The defects were not evidence to the Applicants at the time of purchase

  1. In its original decision, the QBSA rejected the Applicant’s complaint on the basis of time. It has since also raised two further bases for rejection: (1) that the defects were evident prior to the Applicant’s purchasing the property;[3] and (2) that through inaction in failing to rectify the defects, the Applicants have contributed to the loss as the defects have worsened.[4] The Tribunal rejects both of these justifications for refusal of the Applicant’s claim for the reasons that follow.

    [3]For this reason, the QBSA says that Clause 5.2 of the Queensland Home Warranty Scheme policy is applicable.

    [4]Here, the QBSA says that Clause 5.4 of the Queensland Home Warranty Scheme policy is applicable.

  2. As explained above, Mr Dixon’s report was not made available to the Applicants prior to their purchase. Further, I find that the work Hegira Pty Ltd performed following receipt of Mr Dixon’s report would have masked the existence of the slab defect (as opposed to some of its symptoms) at the time of Mr Haskard’s pre-purchase inspection. Given these findings, there is no evidence capable of supporting a conclusion that the Applicants knew of the existence of any slab defects at the time of purchase.

The Applicants have not contributed to their loss

  1. In relation to the QBSA’s assertion that the Applicants have contributed to their loss through inaction, I consider the argument to be without merit.
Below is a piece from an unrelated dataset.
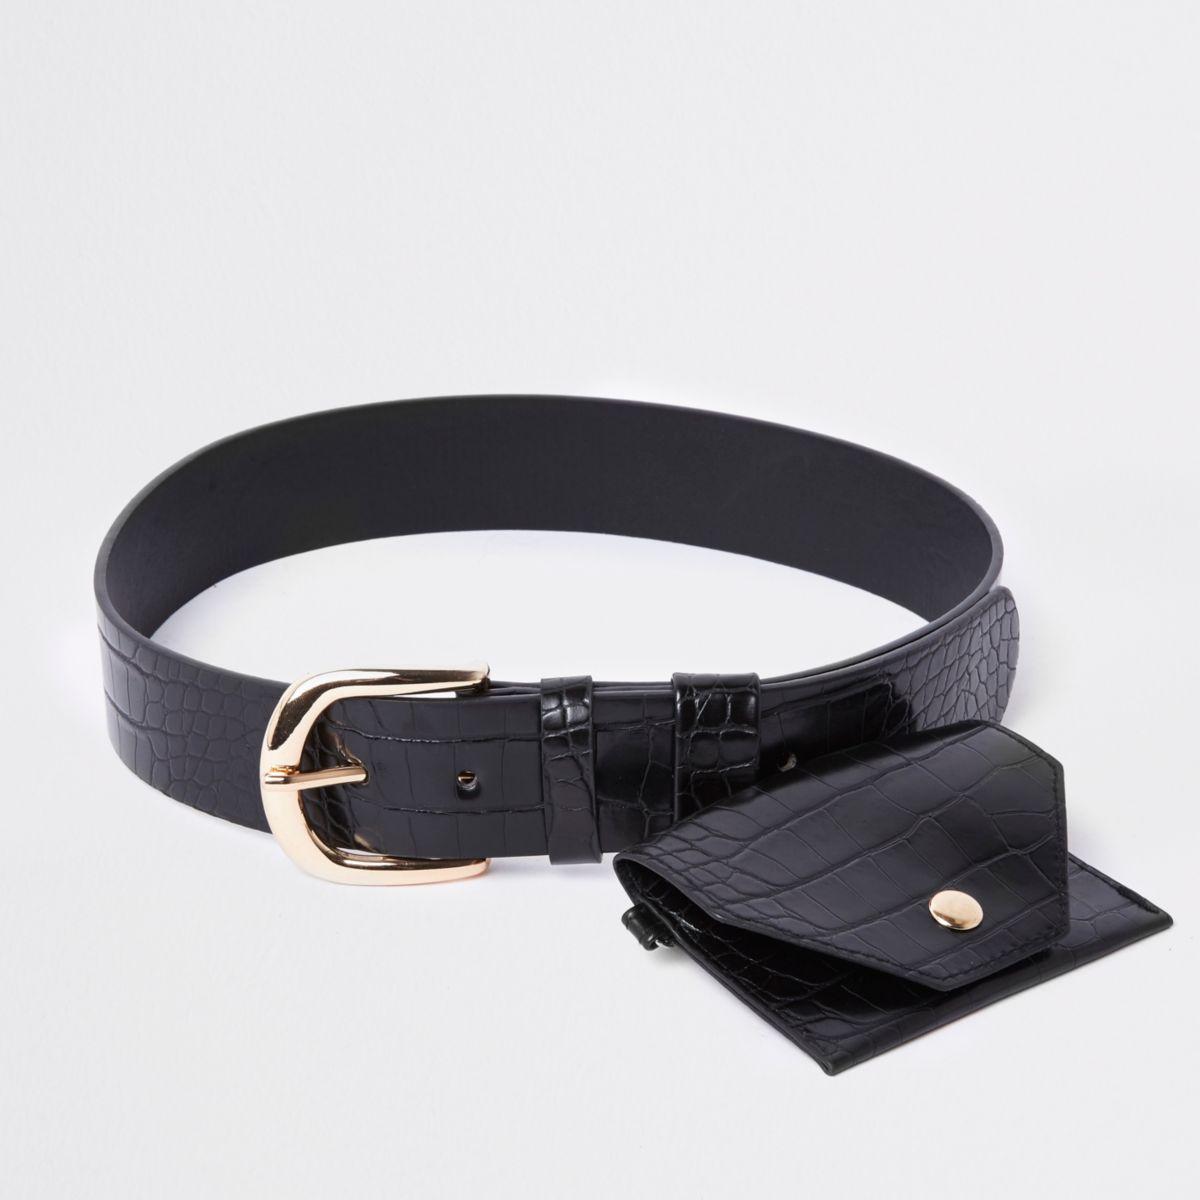 Zwarte riem met portemonnee en krokodillenprint

The evidence before the Tribunal is that the Applicants actively sought resolution of their concerns through dialogue with the builder.

  2. The precise nature of the defect (“slab edge dampness”), as opposed to the symptoms of the defect identified in the complaint, only became known to the Applicants following the QBSA’s receipt of a report from an external expert, NJA Consulting. I find that the NJA Report is the first point at which the actual defect, as opposed to the symptoms, is articulated. Until such point in time, it is unreasonable to expect a homeowner to take steps to repair a defect, the nature of which is elusive to all but the most qualified experts.

  3. The QBSA asserts that it will be prejudiced if the claim is accepted out-of-time, as it is now unable to issue a Direction to Rectify to Hegira Pty Ltd B.V. Mackenzie Building Pty Limited.  I am not convinced that there is any prejudice to the QBSA, for the reason that it is still able to seek the costs of any payments made to the Applicants from Hegira Pty Ltd.  In any event, the prejudice is significantly greater to the Applicants if their claim is not accepted, as they are closed out of relief under a policy that is intended to protect homeowners from defective works of this nature.

  4. The Application for review is allowed, and the Tribunal sets aside the 4 October 2012 decision of the QBSA and substitutes it with a direction that the Applicants’ claim under the Queensland Home Warranty Scheme be allowed.

Costs

  1. Having found that the Applicants’ claim should have been accepted, the Tribunal must now consider the issue of costs. The Tribunal will schedule a 1-hour oral hearing for the purposes of allowing the parties to make submissions in relation to the issue of costs.